10.Chinese expert consensus on the diagnosis and treatment of traumatic supraorbital fissure syndrome (version 2024)
Junyu WANG ; Hai JIN ; Danfeng ZHANG ; Rutong YU ; Mingkun YU ; Yijie MA ; Yue MA ; Ning WANG ; Chunhong WANG ; Chunhui WANG ; Qing WANG ; Xinyu WANG ; Xinjun WANG ; Hengli TIAN ; Xinhua TIAN ; Yijun BAO ; Hua FENG ; Wa DA ; Liquan LYU ; Haijun REN ; Jinfang LIU ; Guodong LIU ; Chunhui LIU ; Junwen GUAN ; Rongcai JIANG ; Yiming LI ; Lihong LI ; Zhenxing LI ; Jinglian LI ; Jun YANG ; Chaohua YANG ; Xiao BU ; Xuehai WU ; Li BIE ; Binghui QIU ; Yongming ZHANG ; Qingjiu ZHANG ; Bo ZHANG ; Xiangtong ZHANG ; Rongbin CHEN ; Chao LIN ; Hu JIN ; Weiming ZHENG ; Mingliang ZHAO ; Liang ZHAO ; Rong HU ; Jixin DUAN ; Jiemin YAO ; Hechun XIA ; Ye GU ; Tao QIAN ; Suokai QIAN ; Tao XU ; Guoyi GAO ; Xiaoping TANG ; Qibing HUANG ; Rong FU ; Jun KANG ; Guobiao LIANG ; Kaiwei HAN ; Zhenmin HAN ; Shuo HAN ; Jun PU ; Lijun HENG ; Junji WEI ; Lijun HOU
Chinese Journal of Trauma 2024;40(5):385-396
Traumatic supraorbital fissure syndrome (TSOFS) is a symptom complex caused by nerve entrapment in the supraorbital fissure after skull base trauma. If the compressed cranial nerve in the supraorbital fissure is not decompressed surgically, ptosis, diplopia and eye movement disorder may exist for a long time and seriously affect the patients′ quality of life. Since its overall incidence is not high, it is not familiarized with the majority of neurosurgeons and some TSOFS may be complicated with skull base vascular injury.

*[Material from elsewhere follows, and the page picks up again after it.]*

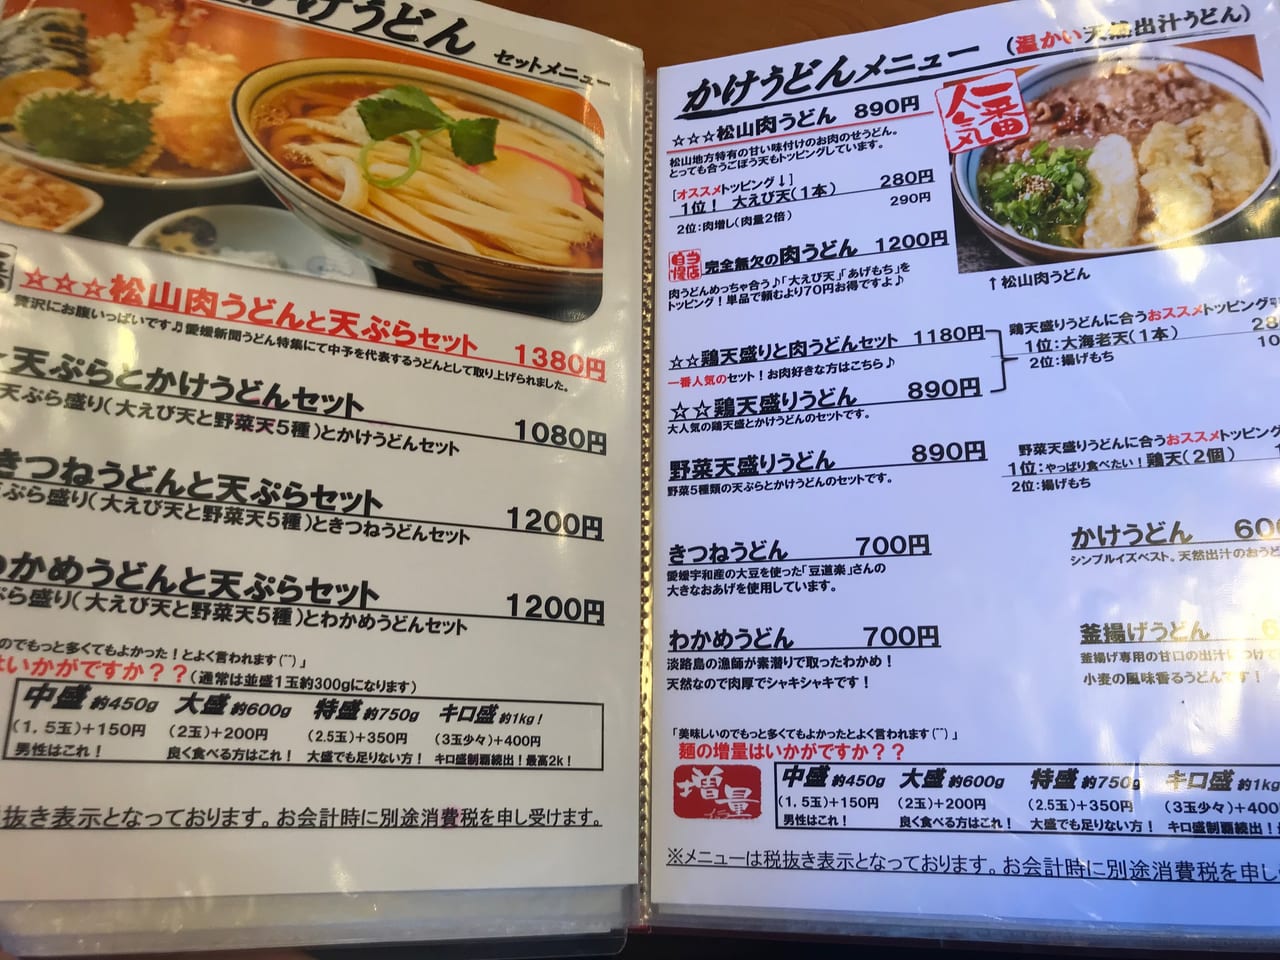 松山市 ファン多数 甘い味付けと天ぷらが人気のうどん屋 力みなぎる完全無欠うどん空太郎 くうたろう に行ってきました 号外net 松山 市 中予地方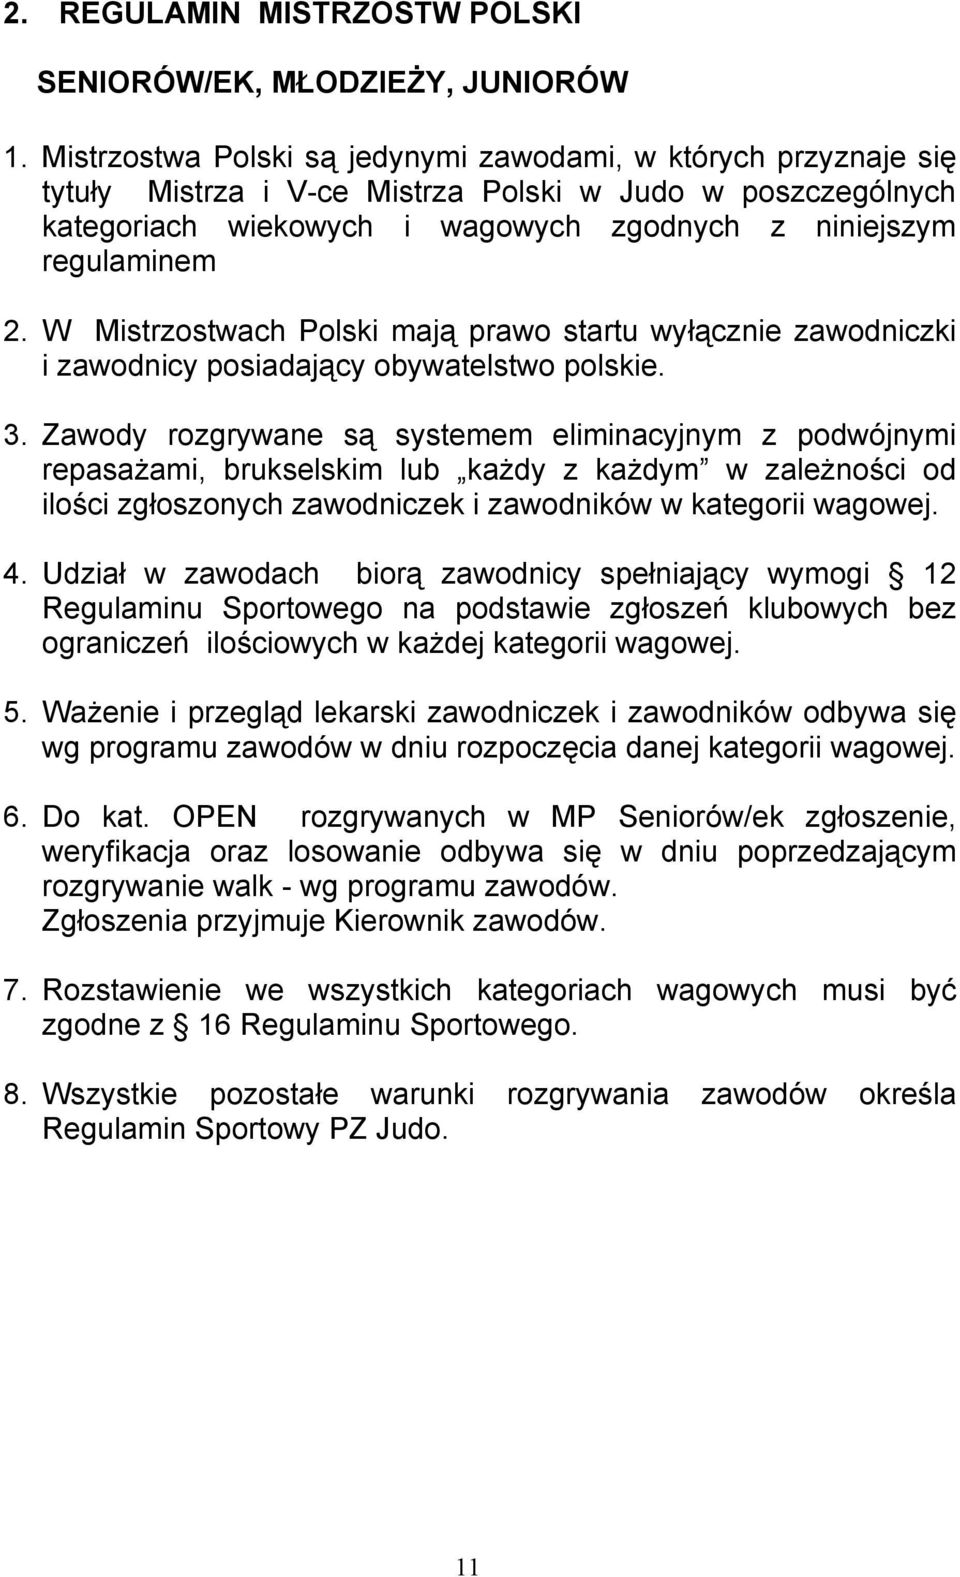 W Mistrzostwach Polski mają prawo startu wyłącznie zawodniczki i zawodnicy posiadający obywatelstwo polskie. 3.

If the supraorbital fissure surgery is performed without treatment of vascular injury, it may cause massive hemorrhage, and disability and even life-threatening in severe cases. At present, there is no consensus or guideline on the diagnosis and treatment of TSOFS that can be referred to both domestically and internationally. To improve the understanding of TSOFS among clinical physicians and establish standardized diagnosis and treatment plans, the Skull Base Trauma Group of the Neurorepair Professional Committee of the Chinese Medical Doctor Association, Neurotrauma Group of the Neurosurgery Branch of the Chinese Medical Association, Neurotrauma Group of the Traumatology Branch of the Chinese Medical Association, and Editorial Committee of Chinese Journal of Trauma organized relevant experts to formulate Chinese expert consensus on the diagnosis and treatment of traumatic supraorbital fissure syndrome ( version 2024) based on evidence of evidence-based medicine and clinical experience of diagnosis and treatment. This consensus puts forward 12 recommendations on the diagnosis, classification, treatment, efficacy evaluation and follow-up of TSOFS, aiming to provide references for neurosurgeons from hospitals of all levels to standardize the diagnosis and treatment of TSOFS.